Sesuai dengan UU Pilkada Pasal 201 Ayat 7, kepala daerah yang terpilih dari Pilkada 2020 hanya menjabat empat tahun karena pada 2024 digelar pemilu serentak. Dengan menjadwalkan lebih awal pilkada, jarak antara berakhirnya masa jabatan kepala daerah hasil Pilkada 2020 dan masa pelantikan kepala daerah hasil Pemilu 2024 tidak akan terlalu lama.
KPU dapat mengusulkan perubahan untuk menjamin adanya keselarasan antara masa jabatan kepala daerah yang terpilih pada 2020, yang habis pada 2024, dengan mulainya masa jabatan kepala daerah baru hasil Pemilu 2024.
”Ini untuk menata sistem, terutama satu di antaranya yang terpenting ialah integrasi rencana dan pelaksanaan pembangunan kita dari pusat ke daerah dalam rangka NKRI,” ungkapnya.

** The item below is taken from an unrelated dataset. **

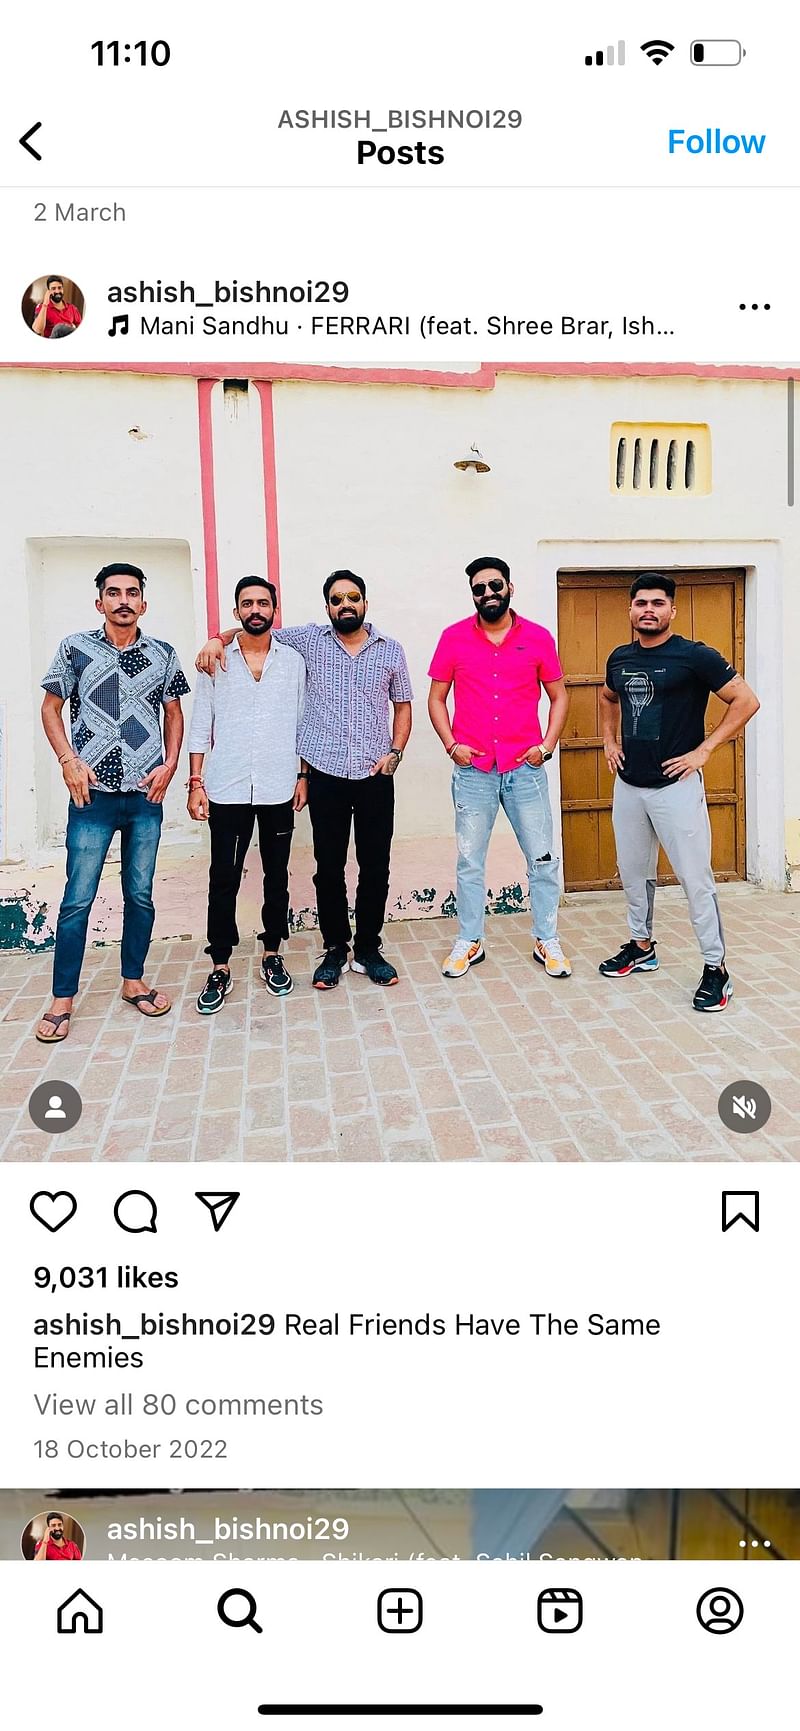  Ashish Bishnoi, Ritik Boxer and others. Photo from Ashish's Instagram handle. | Jyoti Yadav, ThePrint

Untuk penyesuaian jadwal dan ketentuan lain yang memudahkan penyelenggara dalam membuat terobosan dalam pemilu serentak, menurut Arif, bisa saja dilakukan perubahan terbatas terhadap norma UU Pemilu dan UU Pilkada. Hal itu juga bisa dikomunikasikan dengan pemerintah untuk membuat peraturan pemerintah pengganti UU (perppu). Kemungkinan itu akan dibahas di dalam raker selanjutnya, 16 September 2021.